First, if you slowly start culling/killing the bass that bite lures, the population will tend towards bass that won't bite lures. However, since hardly anyone kills bass in California I don't think this factor plays a large part in increased fishing difficulty. Bass are caught, released, spawn, and their offspring are no smarter than the parents.
However, I do believe bass will learn not to bite lures very quickly during their lifetime, and other bass will observe this behavior and stop biting as well.
For example you cast a huddleston across a point with 10 bass sitting on it. One of the bass eats your lure and is caught. The other bass see the commotion but at this point haven't learned anything.

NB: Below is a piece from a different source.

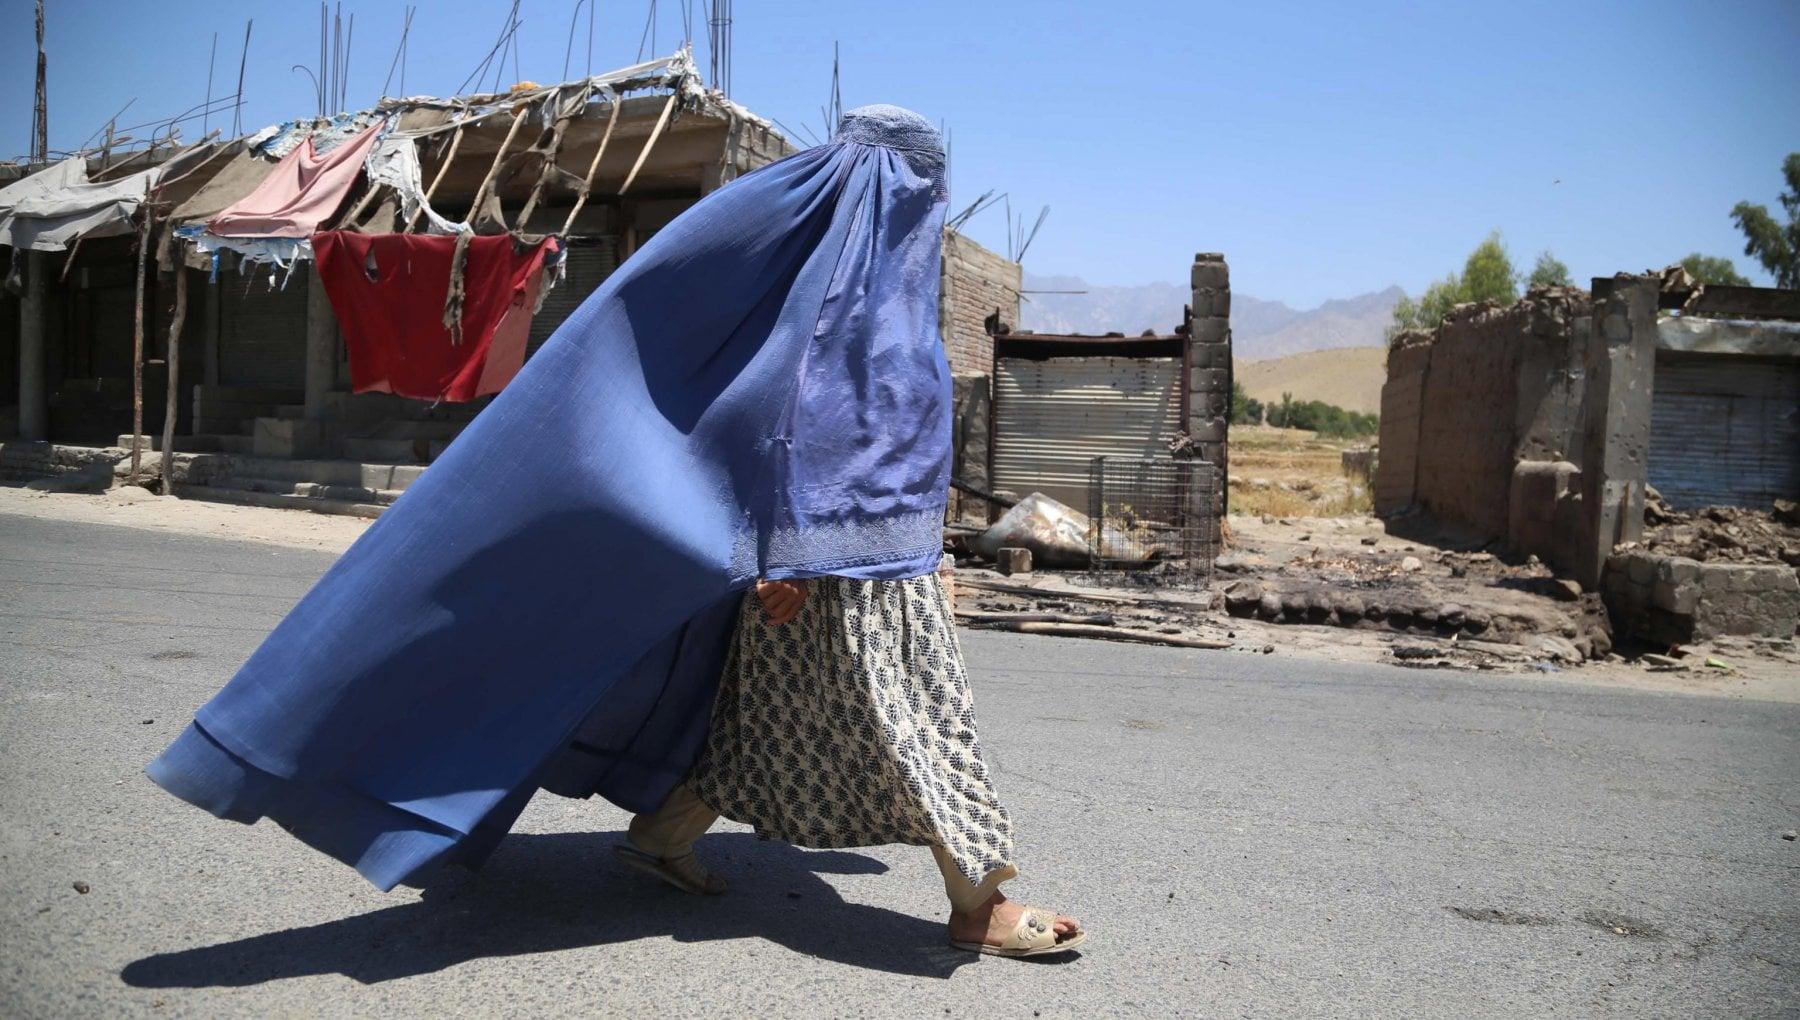 183506902 336fc4c5 2ab4 43d1 85fc 35a4efbd1cf5 - Afghanistan, gli Usa sono pronti ad accogliere le donne e le persone a rischio

Come back a week later and make the same cast with a huddleston at the same point. The fish which was caught a week earlier will have a strong negative reaction. The other 9 fish see this reaction to the huddleston and make the connection between huddleston and danger.
In this manner over the course of only a year or two you can train all the fish in the lake not to bite huddlestons even though only a small percentage were actually hooked.
I suspect this is what has happened on many lakes. Under certain conditions the fish will overcome their fear and bite anyway, but as long as their are a few fish around to scare the rest, the wide open suicide bites aren't going to happen anymore.
How to fix this problem? Everyone should stop throwing a huddleston for 5 years :) The new bass born every year are a fresh round of unlearned fish, and will stay that way until a huddleston goes past and they see the older fish running for cover.
So... from this point forward... no more huddlestons!